At present, primary aluminium attracts a BCD of 7.5%, while products processed from it attract either a 7.5% or 10% rate, depending on their categorisation according to trade nomenclature.

The industry body argues that aluminium imports, especially from China, Russia, ASEAN nations and the Middle East have surged in the recent years. It states that notwithstanding India having “sufficient” domestic capacity, about 55% of the country’s demand for aluminium in fiscal year 2026 is projected to be met through imports.

The FIMI states that the threat from increasing aluminum imports has contributed to a “declining domestic market share.”

Its statement further added, “India’s aluminium manufacturing base is currently under threat by a surge in imports from aluminium surplus nations driven by global tariff and non-tariff protectionist measures on aluminium.”

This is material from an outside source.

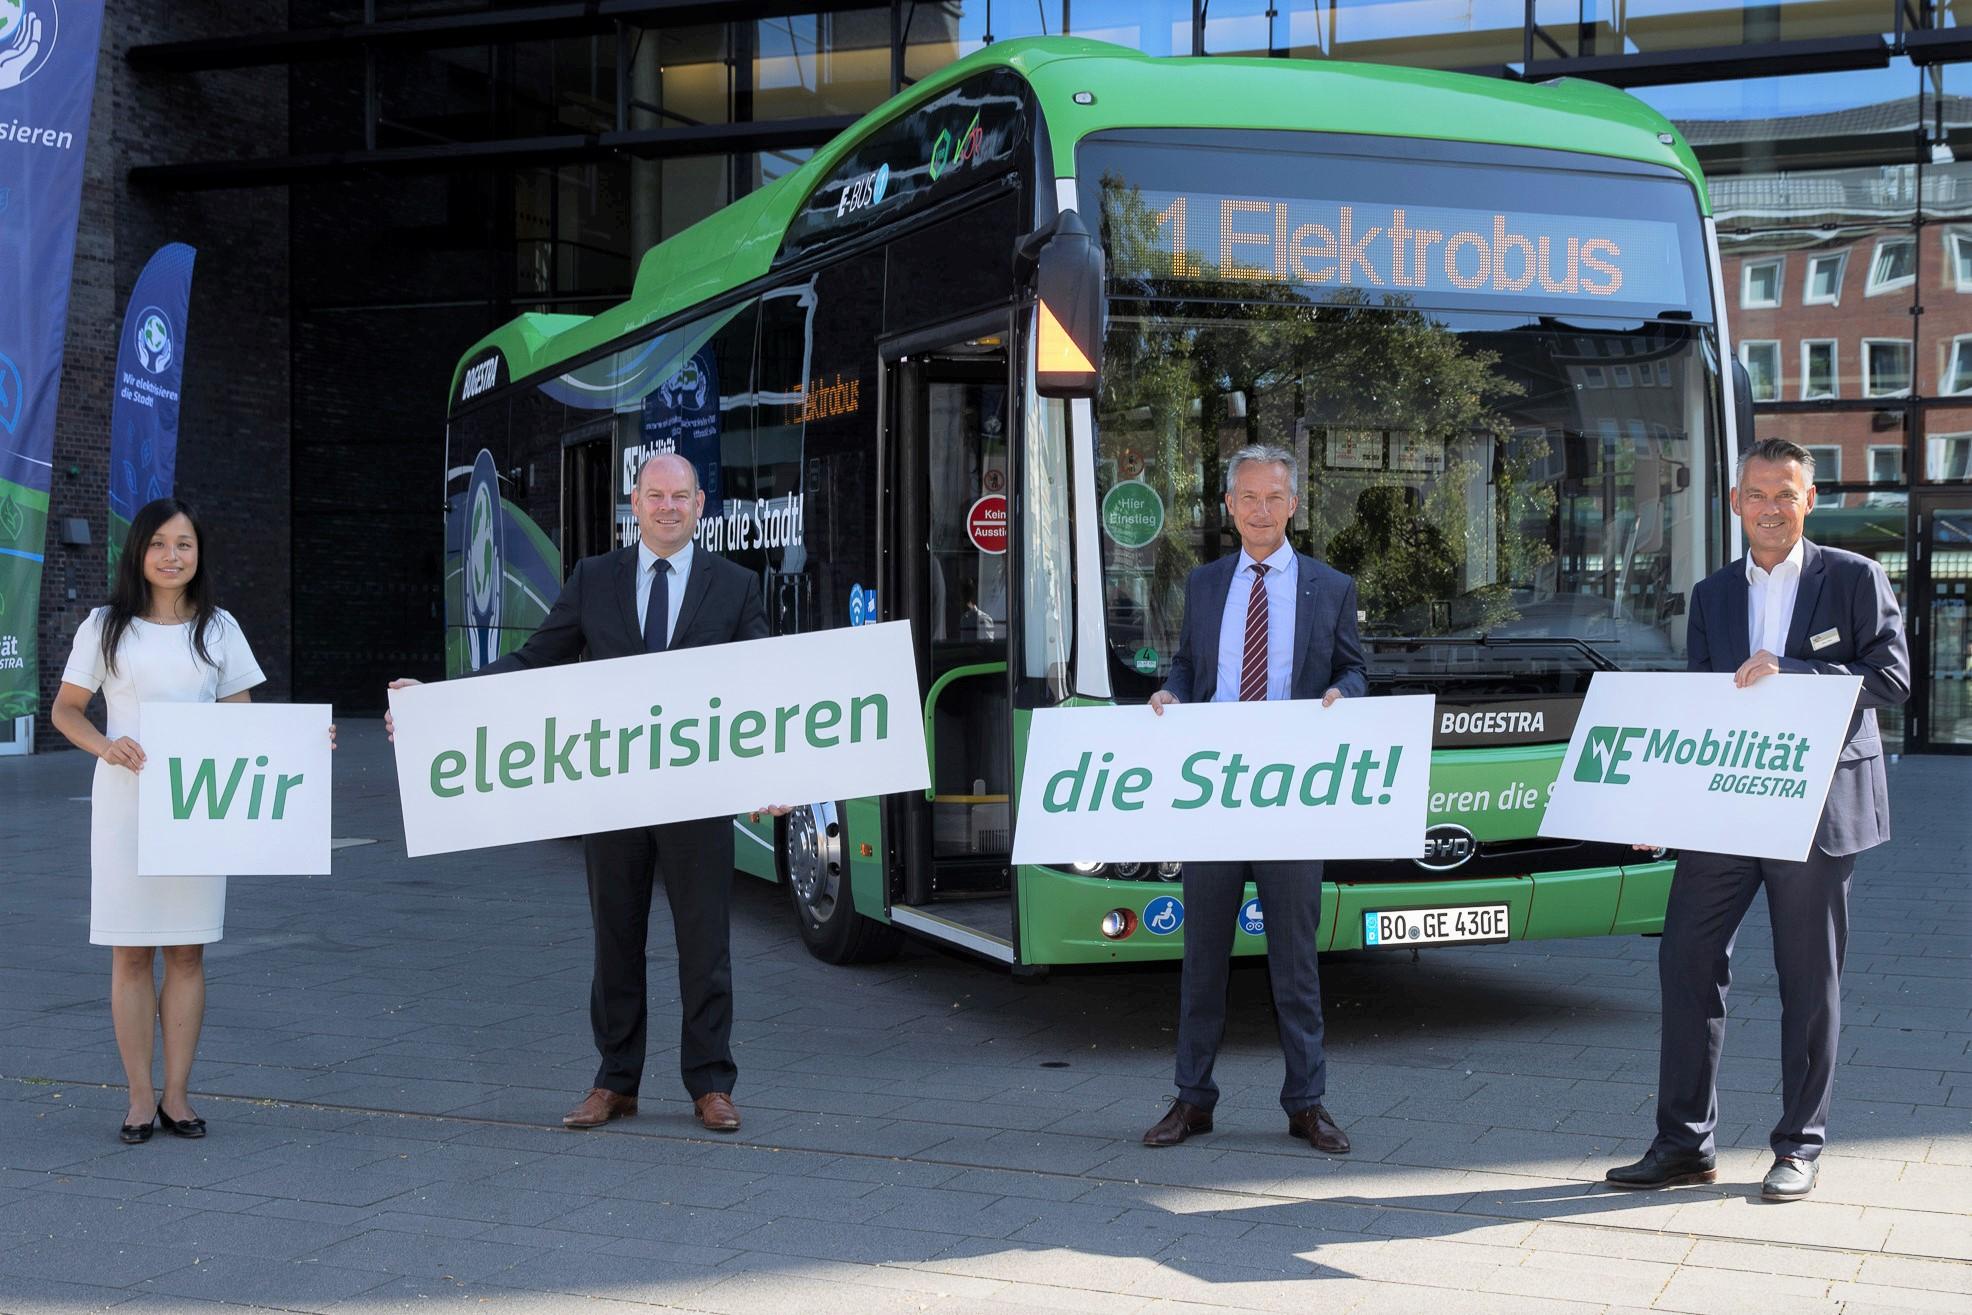 Bogestra: Erster Elektrobus für Gelsenkirchen

The industry body also voiced concerns about the “rising inflow” of aluminium scrap, urging the government to institute quality standards in line with global practices to avert the diversion of low-quality scrap from U.S.A, E.U., UAE and U.K. into India.

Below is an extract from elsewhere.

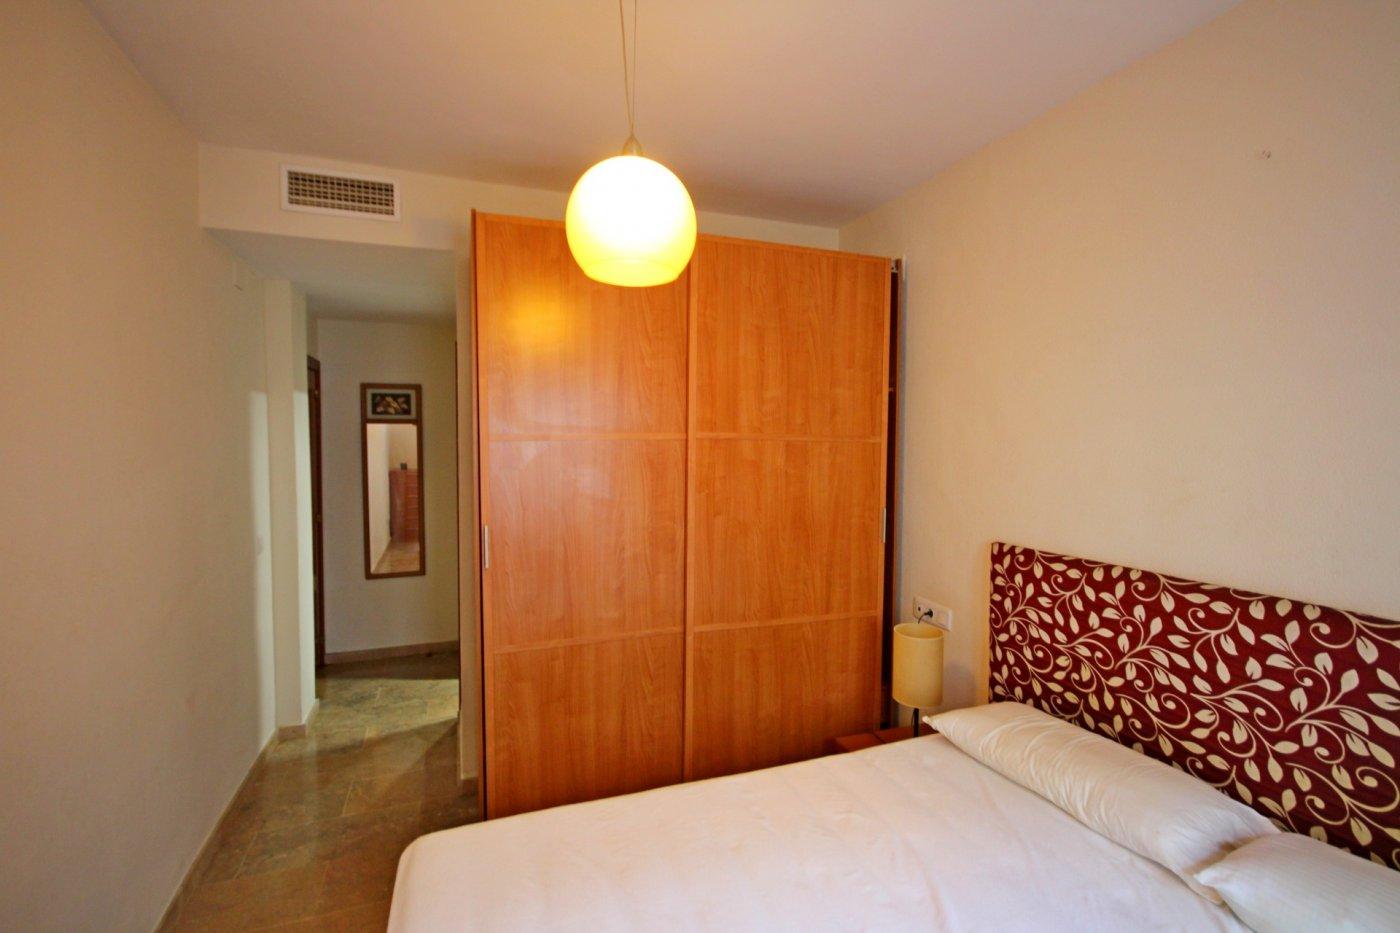 Piso dos dormitorios con garaje a un paso del centro histórico - imagenInmueble7

Additionally, the industry body of miners also seeks the government consider reducing basic customs duty on critical raw materials required for aluminium production. It argues despite India holding world’s largest reserves of coal and bauxite, domestic costs for producing aluminium are among the highest globally. “Indian producers face high production costs due to expensive raw materials, an inverted duty structure, various taxes and cesses, electricity duty and high logistics costs,” it argued.